# FBReader on the Kindle!



## DevX (Sep 29, 2010)

I've found it today. Has anyone tried this yet? 

http://translate.google.pl/translate?js=n&prev=_t&hl=pl&ie=UTF-8&layout=2&eotf=1&sl=auto&tl=en&u=http%3A%2F%2Fwww.the-ebook.org%2Fforum%2Fviewtopic.php%3Fp%3D515359%23515359


----------



## tlrowley (Oct 29, 2008)

Yes, I got it up and running on my Kindle.  It's a little rough around the edges, but it's kind of cool.

Right now, there are two different fb-readers - fbReader and fbKindle.  I used FBKindle because once you start it, you can easily switch back and forth between the standard Kindle firmware and FBKindle.  With FBReader, you have to restart.
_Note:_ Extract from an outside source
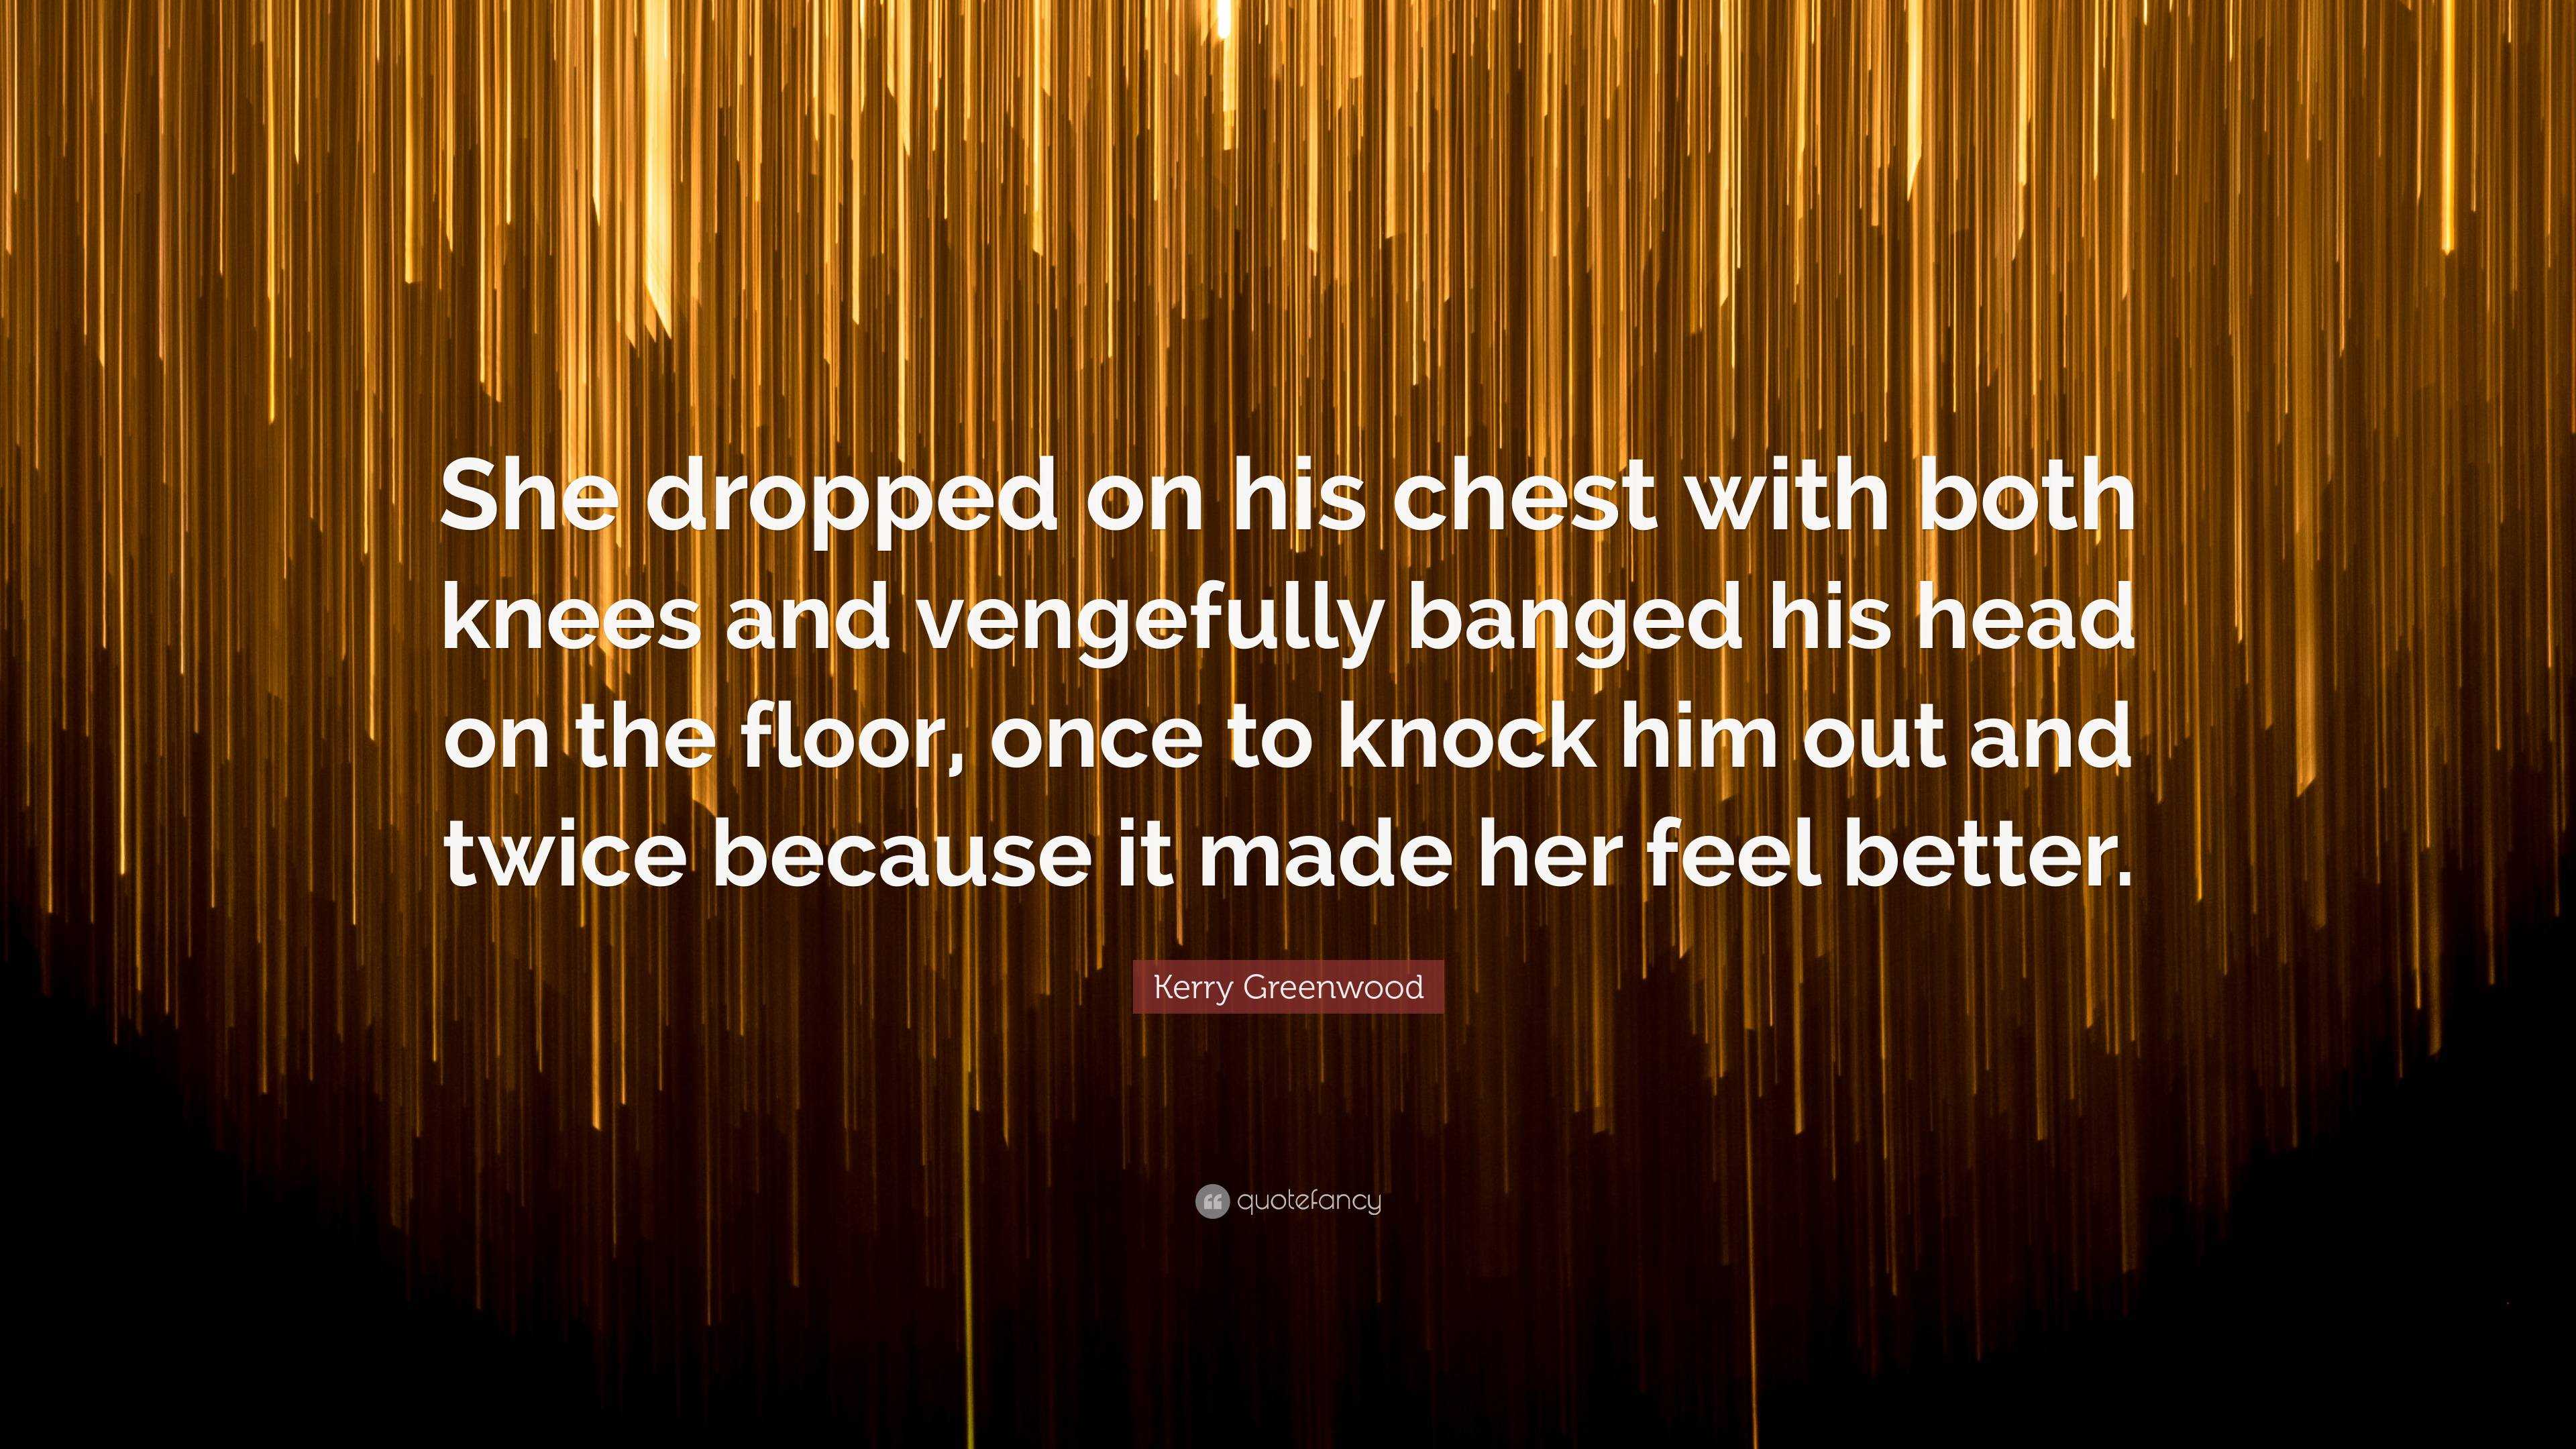 https://quotefancy.com/media/wallpaper/3840x2160/6841563-Kerry-Greenwood-Quote-She-dropped-on-his-chest-with-both-knees-and.jpg
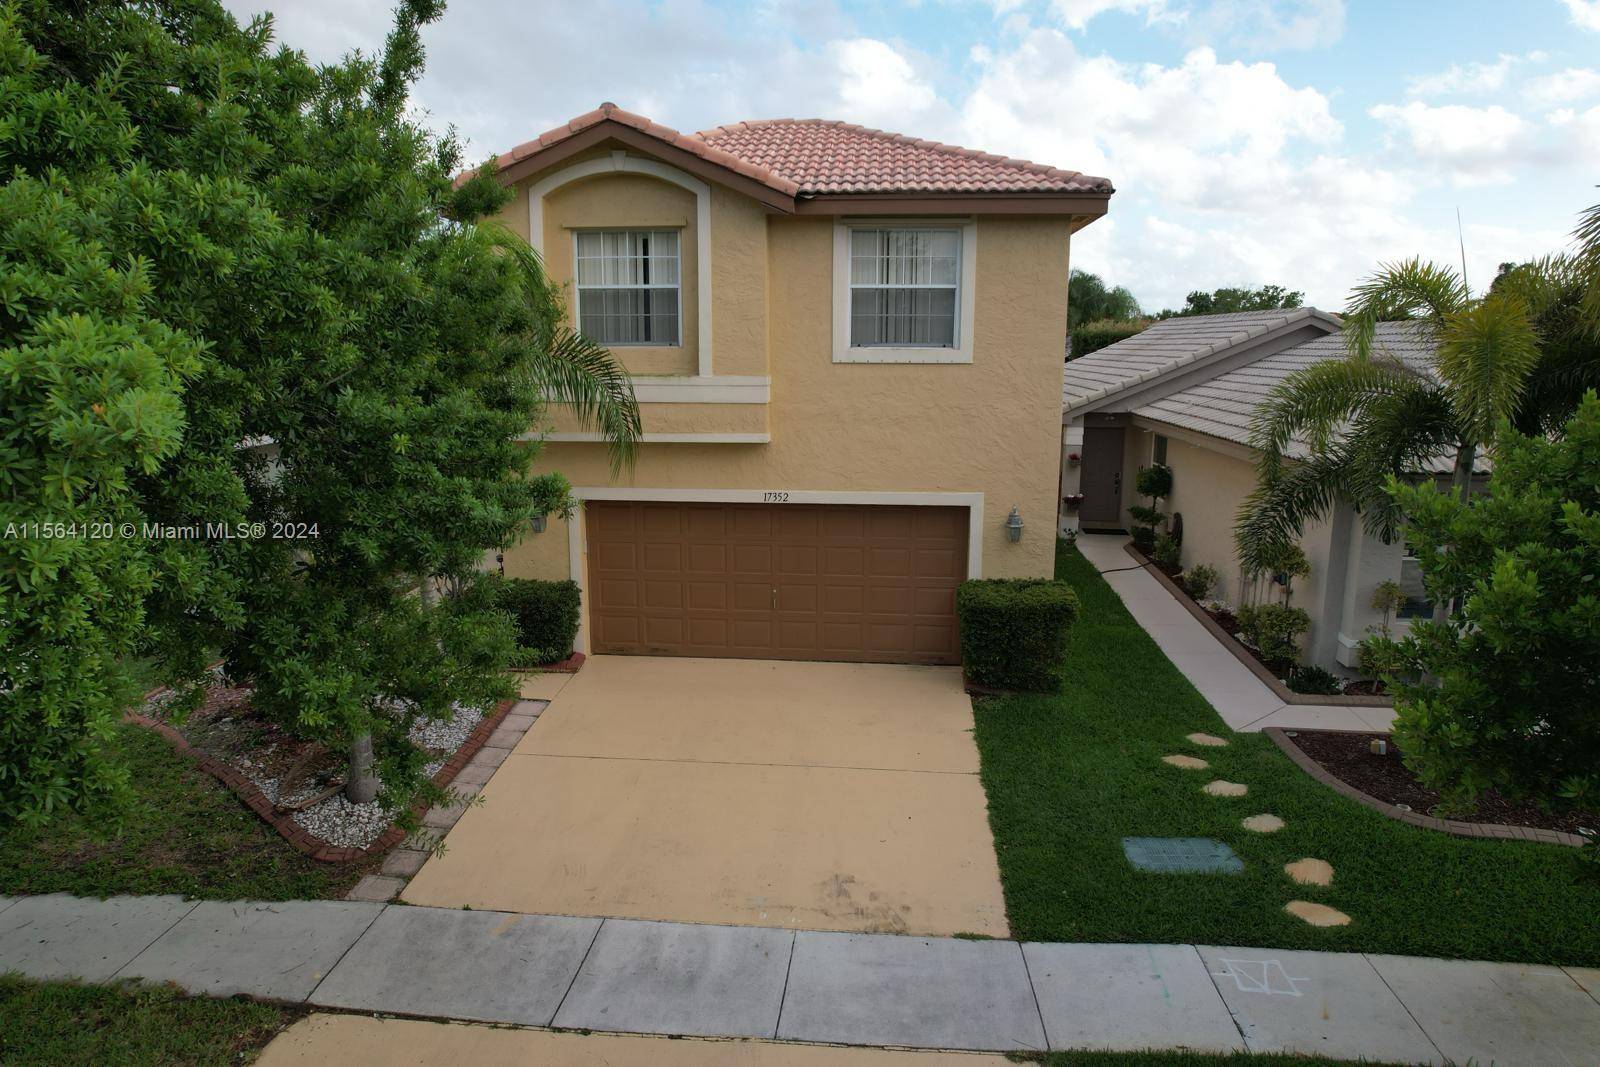 Beautiful 5 bedrooms 2. 5 bathrooms, two story home with a pool located in the prestigious Silver Lakes community.

What can I say - I proudly wear the T-shirt my husband bought for me "I void warranties"


----------



## tnolan (Feb 28, 2010)

Please forgive me, as I don't keep up on every bit of technology, obviously, but what is FBReader?


----------



## ak rain (Nov 15, 2008)

tnolan said:


> Please forgive me, as I don't keep up on every bit of technology, obviously, but what is FBReader?


ditto


----------



## MissERG (Jun 9, 2010)

ak rain said:


> ditto


http://www.fbreader.org/about.php

for more info


----------



## ak rain (Nov 15, 2008)

Is this to increase the formats accepted?
Sylvia


----------